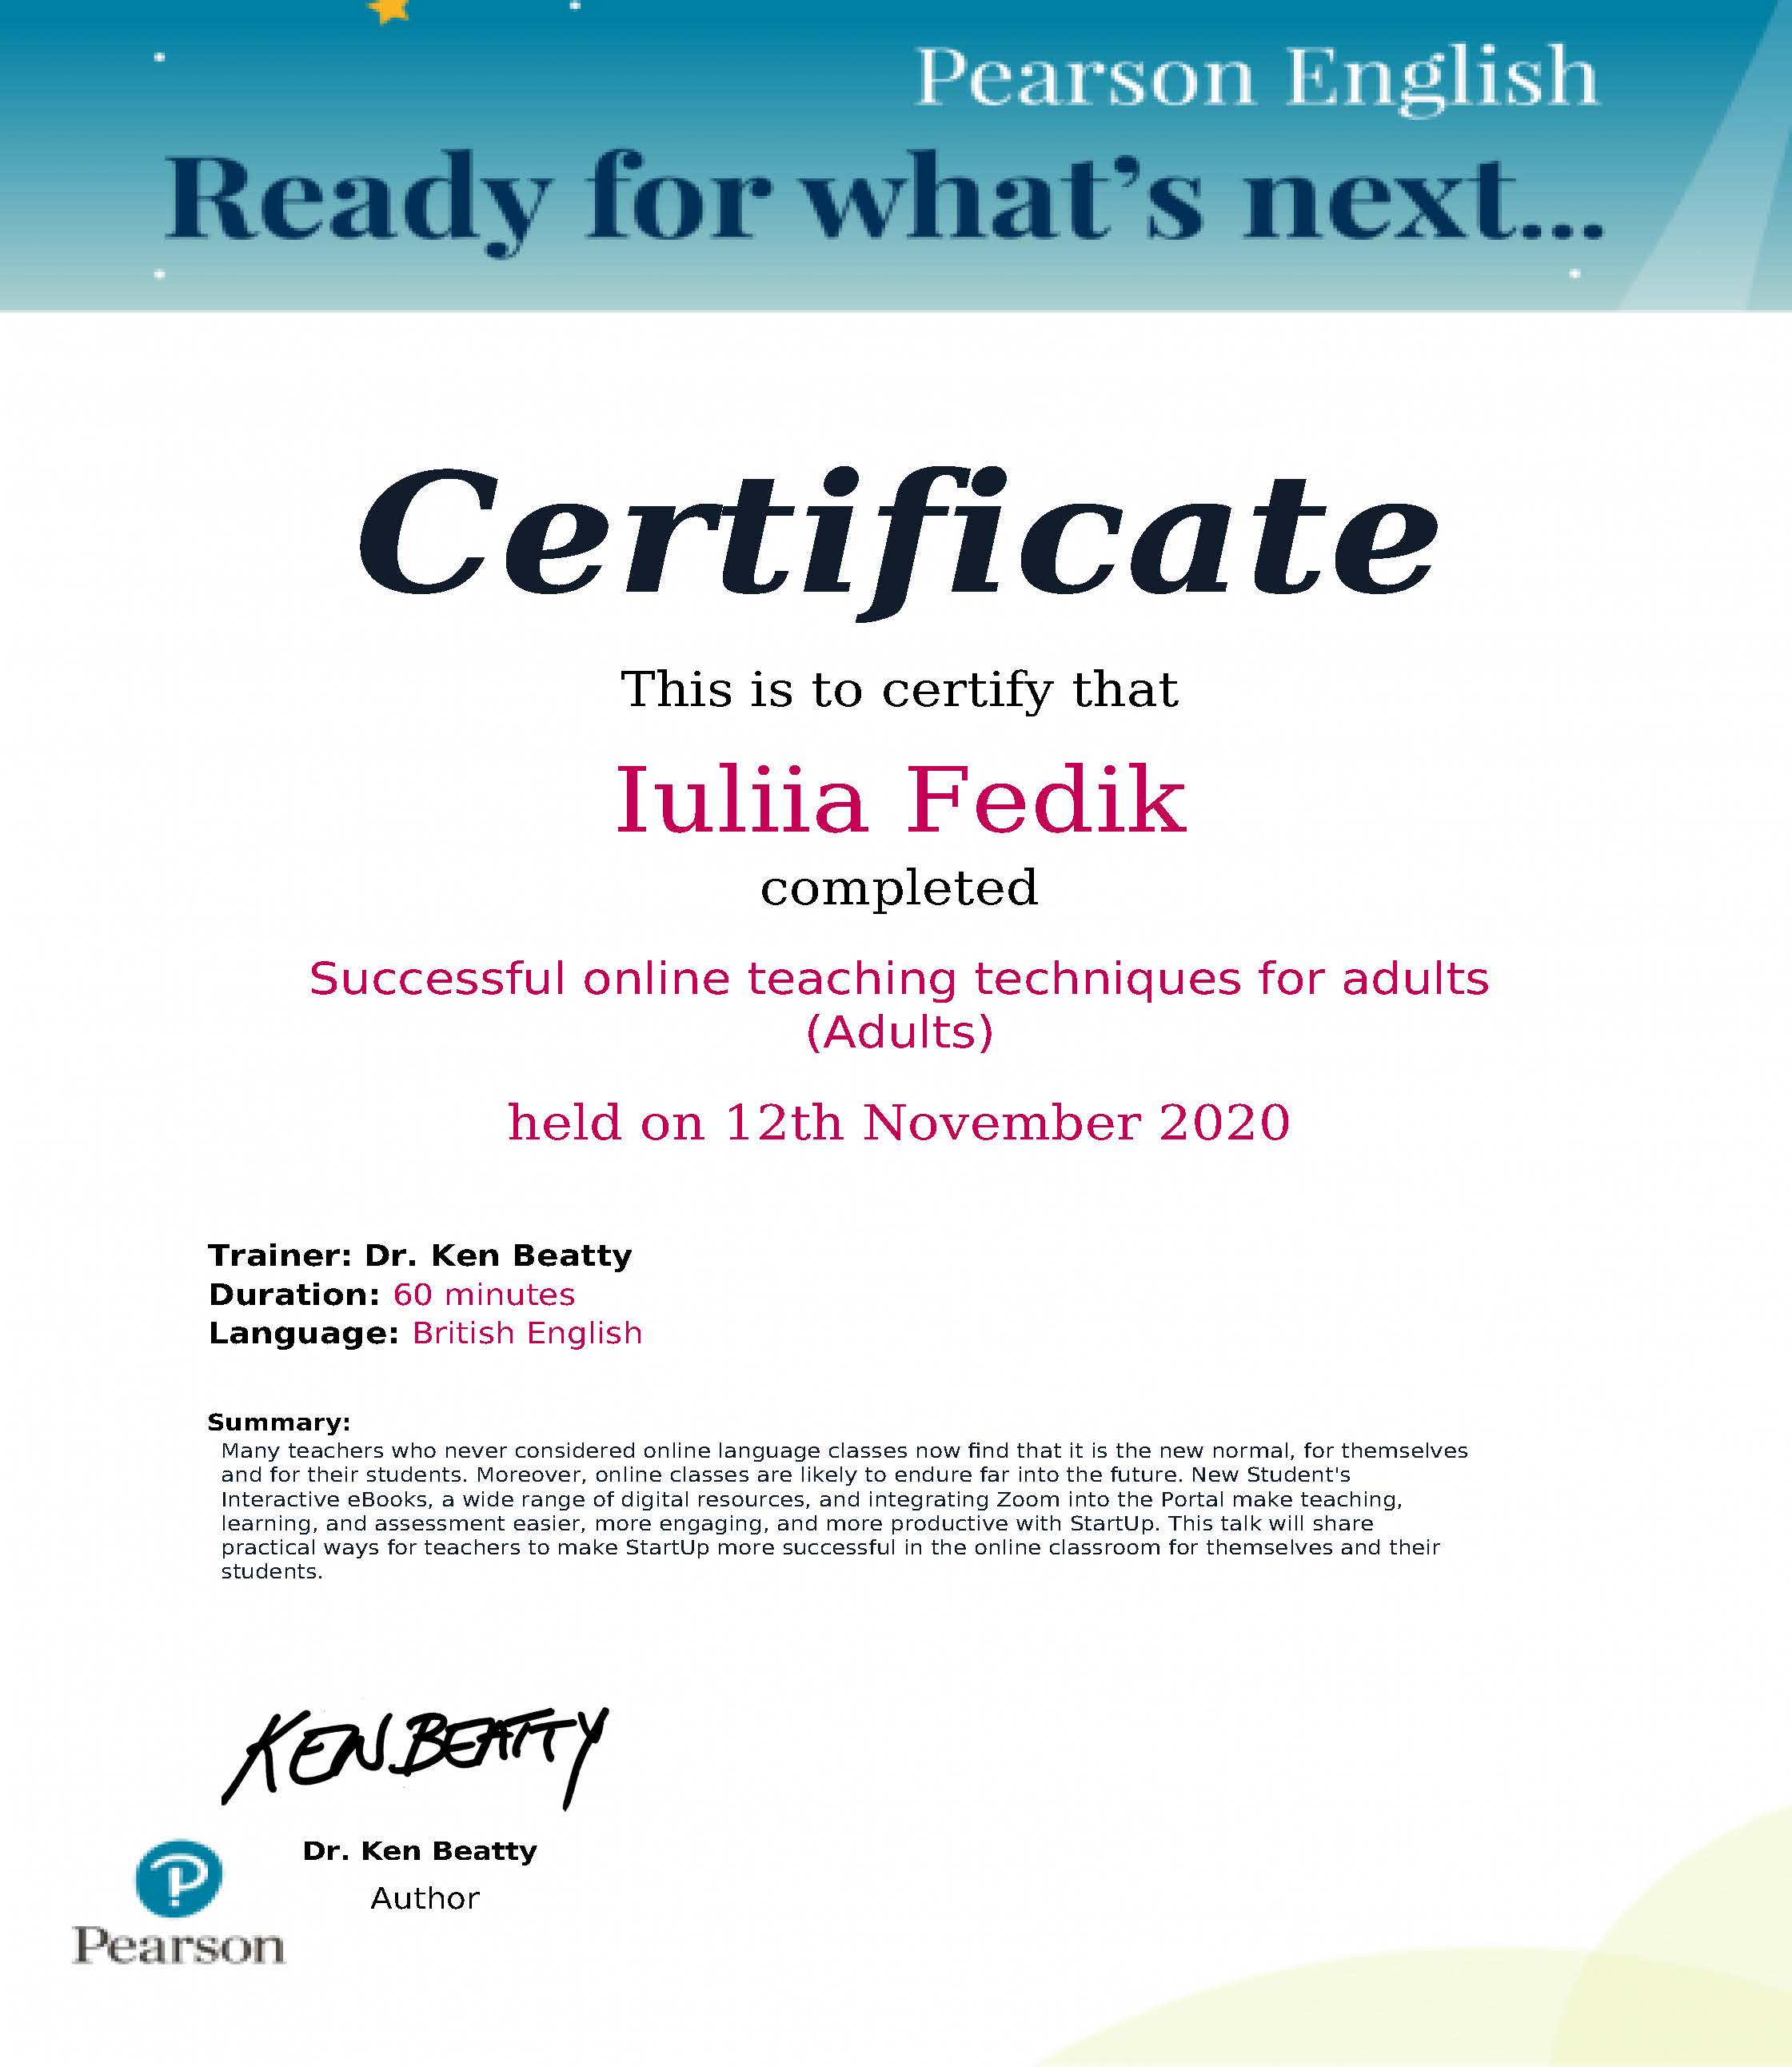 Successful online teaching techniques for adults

...

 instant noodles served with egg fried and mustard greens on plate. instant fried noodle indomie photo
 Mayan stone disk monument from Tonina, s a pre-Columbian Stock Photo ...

**WHAT THE EXERCISE ASKS**: Within the data above, the span starting at the line containing "instant noodles served" and ending at the line containing "Mayan stone disk" is to be retyped exactly, with no other lines.

**EXPECTED ANSWER**:
 instant noodles served with egg fried and mustard greens on plate. instant fried noodle indomie photo
 Mayan stone disk monument from Tonina, s a pre-Columbian Stock Photo ...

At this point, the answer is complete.